Why is there a high latency to start a workflow

Hi everyone!

I am currently doing stress testing on our application which uses Temporal for micro-service orchestration.

I have some application which have one workflow which contains one activity and one async child workflow (which contains one activity).
My worker configured with options:

worker.SetStickyWorkflowCacheSize(50000 * 1000 * 10)
workerOptions := worker.Options{
		MaxConcurrentWorkflowTaskPollers:       100,
		MaxConcurrentActivityExecutionSize:     1000,
		MaxConcurrentActivityTaskPollers:       100,
		MaxConcurrentWorkflowTaskExecutionSize: 1000,
	}

Temporal server started like there with PostgreSQL.
I start 50 threads that send a request to create a workflow for 10 minutes and have high latency StartWorkflowExecution. As result I have low request throughput.


I read best practices and it didn’t help me.
Why is RPC latency high?

1 Like

Can you check your server sync/match rate?

sum(rate(poll_success_sync{namespace="namespace_name"}[1m])) / sum(rate(poll_success{namespace="namespace_name"}[1m]))

and see if its lower than 95%. This could indicate you need more workers for the stress load.

Also can check number of persistence requests:
sum(rate(persistence_requests{operation="CreateTask",namespace="namespace_name"}[1m]))

@tihomir thanks for you reply!
Metrics look good except RPC latency.
Π‘Π½ΠΈΠΌΠΎΠΊ экрана 2022-09-18 Π² 18.15.26


@tihomir
What can I do to reduce latency and find the bottleneck?

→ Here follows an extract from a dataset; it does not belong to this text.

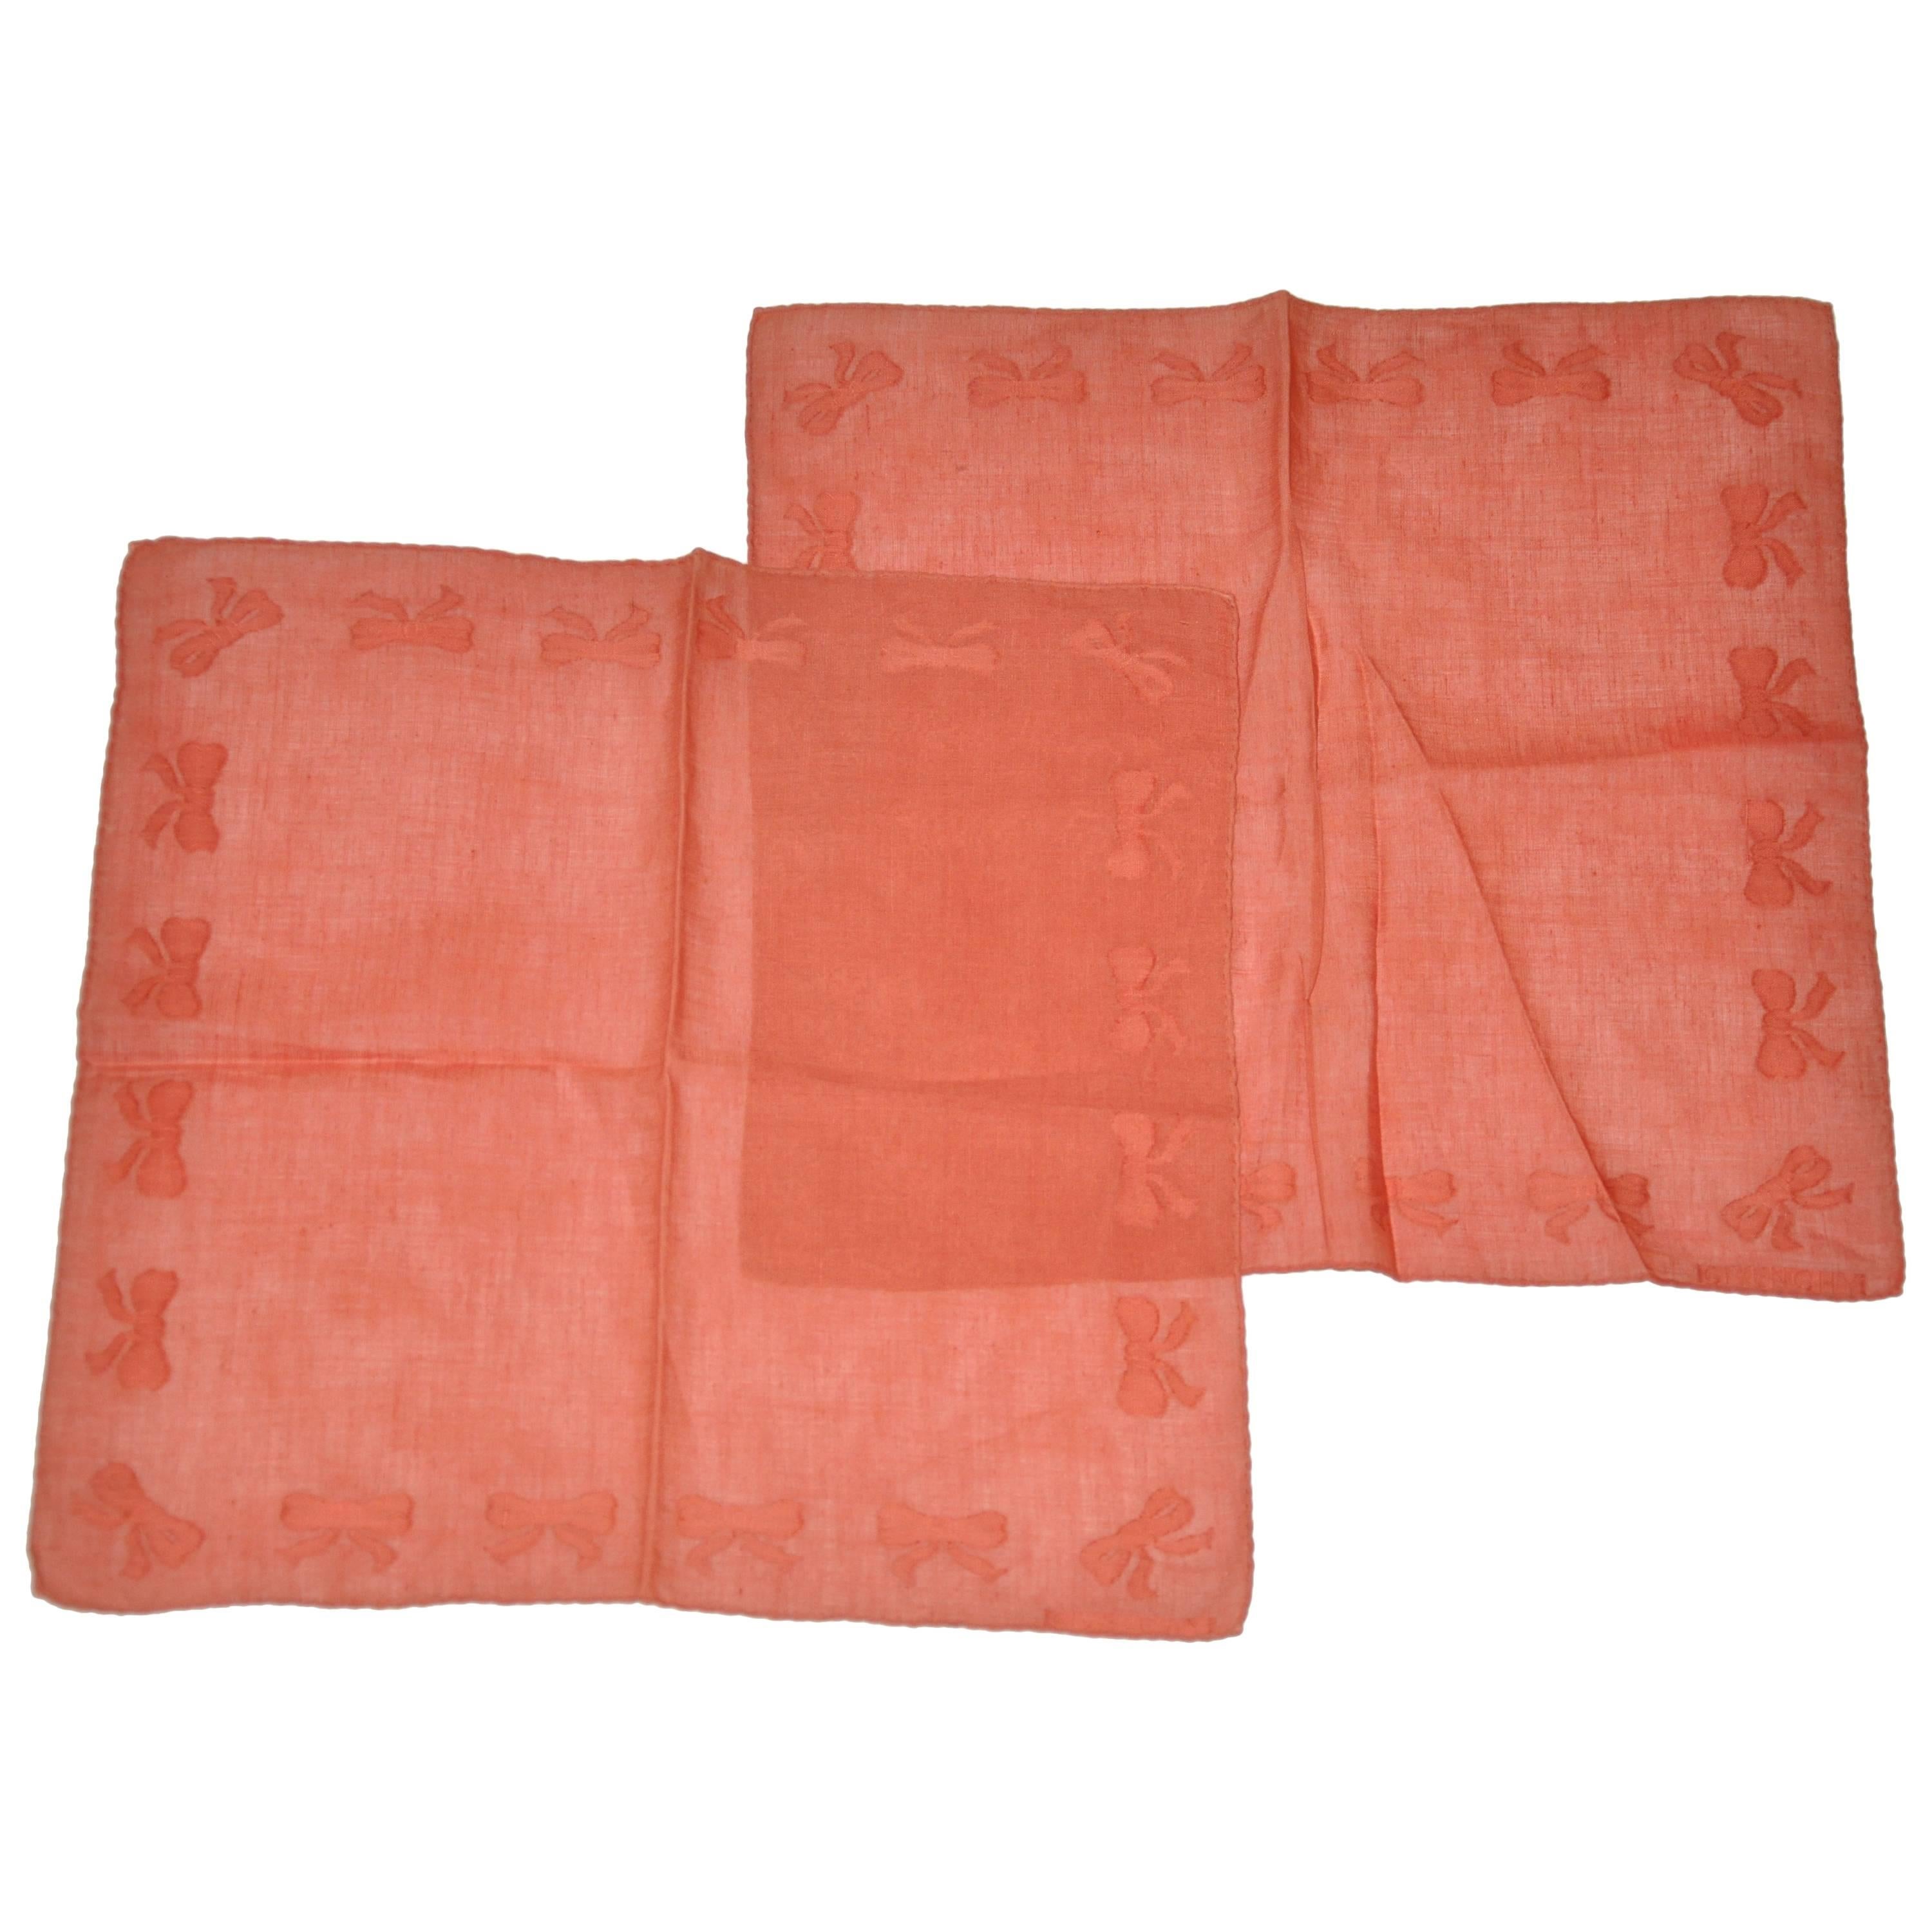 Givenchy set of Coral Linen "Bows" Men's Handkerchief

Seems the latencies revolve around starting your workflow executions and responding to task completions. In your load test how many workflows/activities are you starting simultaneously? How many worker processes do you have?

Couple of things to check:

Check service_errors_resource_exhausted to see if you are hitting any rps limits (also look at your frontend logs)

Check task_latency_userlatency metric which are latencies that can be introduced by your app code and if high could cause workflow lock contention (this could happen if you start a large number of activities or workflows / child workflows simultaneously).

Along with userlatency check cache latency, which if high can also indicate you might be starting too many workflows/activities simultaneously:
histogram_quantile(0.99, sum(rate(cache_latency_bucket{operation="HistoryCacheGetOrCreate"}[1m])) by (le))

Finally could also check if you may need to increase the number of shards:
histogram_quantile(0.99, sum(rate(lock_latency_bucket{operation="ShardInfo"}[1m])) by (le))
You would need to rebuild your cluster (and wipe data) each time you change number of shards.

1 Like

@tihomir how does one bring down the task_latency_userlatency in cases where starting large number of activities/workflows simultaneously is indeed a requirement?

can be introduced by your app code

We are spawning 100s of workflows from inside a single activity of a parent workflow, and we have 10s of such activities to concurrently start 1000s of workflows at once. Is this a wrong pattern? Note that these aren’t child workflows

What is the best way to spawn 1000s of sub-workflows from inside a workflow if not via activities?

It is OK to spawn them from activities. But I would recommend adding some rate limiting to these start calls. Instead of starting all of them at once, start some fixed number of them per second.